Tuesday, February 25, 2003

i'm going to write this OLD SCHOOL style, rambling and all! //

i haven't really done much since i last wrote in here... dear old letters to sender. i'm going to really miss the title, as it has really grown on me since... yeah.

life is good. it's not great, but i shouldn't really complain, since there are so many people out there who feel like shit right now. i don't know, maybe i should complain, and drive myself towards a greater level, closer to perfection. or maybe i shouldn't, because when you TRY and change shit like that, it totally doesn't go your way.

i guess i look sad to people at school, when they see me. i guess i'm a somberly d00d by nature, it's just the way i am. it could also be looming tiredness i always feel, a fatigue that isn't enough to fall asleep except during perhaps the most vital period of my day, american studies. i'm so fucking afraid of mr. day calling me out during class that i literally cry a sigh of relief whenever i realize i've dozed off. i don't know why i'm so energized after that class... i'm a complicated paradox only to myself!

jack in the box cheeseburgers like a motherfucker. i'm going to run out of money soon.
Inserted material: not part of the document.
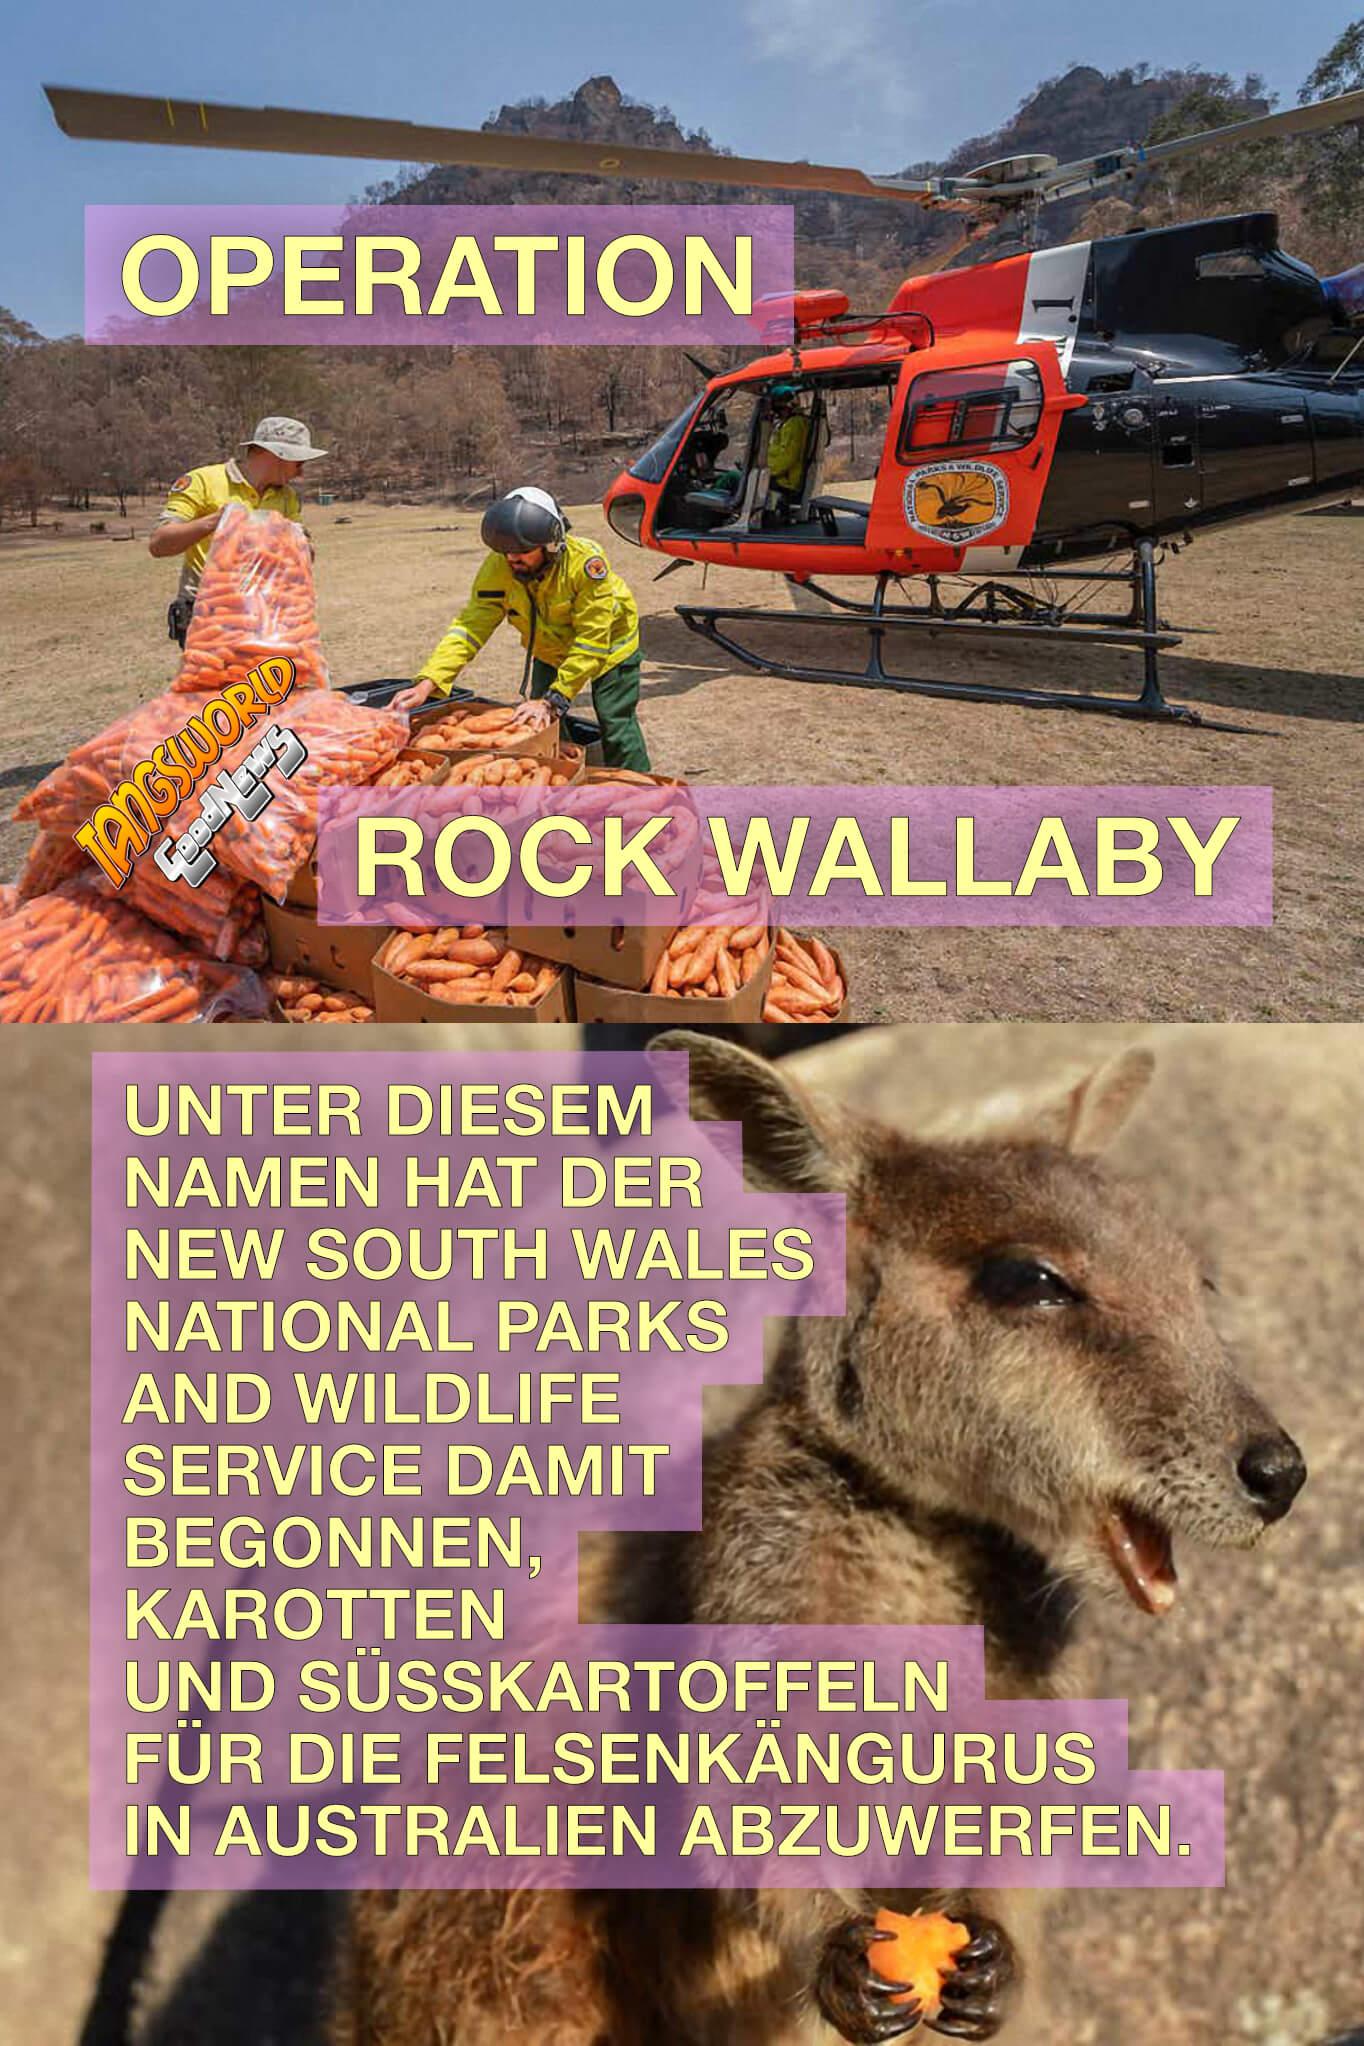 »Operation Rock Wallaby«. Unter diesem Namen hat der New South Wales National Parks and Wildlife Service damit begonnen, Karotten und Süßkartoffeln für die Felsenkängurus in Australien abzuwerfen. - GoodNews

as far as today went, i strode my way through a biology test and leaped out of being suspect for looking at "softcore porn," as ms. anderson said. you see, during journalism, i was looking at a webcam portal, and i promptly exited after being tired of the trite gayness of people with webcams. however, i left my computer to go do something, and when i got back mustafa was in my seat looking at the site. after eventually kicking him off, i got a message from ms. mccray's administrative computer, which is in her office down the hall from the journalism lab. the bitch was spying on me, and she had apparently interpreted one of the webcam pictures as inappropriate. once i got the message, i exited out of all my programs, and leaped to the front row computers, telling seth to make me an alibi in case ms. mccray did in fact find out it was me on that computer. on a card of dumb luck, tyree sat where i had just left to avoid any reprecussions of looking at dirty pictures, and so he was mistaken as the culprit of this sad and stupid tale.

what's really funny though, is that the picture in question was only suggestive in material. it had a girl with the button of her pants undone, showing a little of her black underwear, and a post-it note that read "nasty."

hearing ms. anderson call it "softcore porn" made me feel gross, like i was a pervert or something.

AND I WASN'T EVEN ENJOYING THAT CRAP! mustafa, i hope this is bad karma on your part, and i hope that hoping that this is bad karma for you isn't bad karma for me.

AND THANKS TYREE. you could have so easily ratted me out, and said "THERE, OVER THERE, THAT'S THE DIRTY FUCK YOU'RE LOOKING FOR!" but you didn't. you are truly a man of morals.

... haha, yeah right.

i need to write the premise for a two-minute movie that i'm supposed to create in video production... but jesus, i am a dried up well of ideas. I SUPPOSEDLY HAD A PASSION FOR THIS BULLSHIT!?! where did it go?

everything i think of stems into a full-length feature film, and two minutes is the requested length.

fuck.

oh yeah, i'm going to START on the new layout, once i get that photoshop disc from tyree. the absence of photoshop on my computer feels like i'm without a limb!

THERE, OVER THERE, THAT'S THE DIRTY FUCK YOU'RE LOOKING FOR!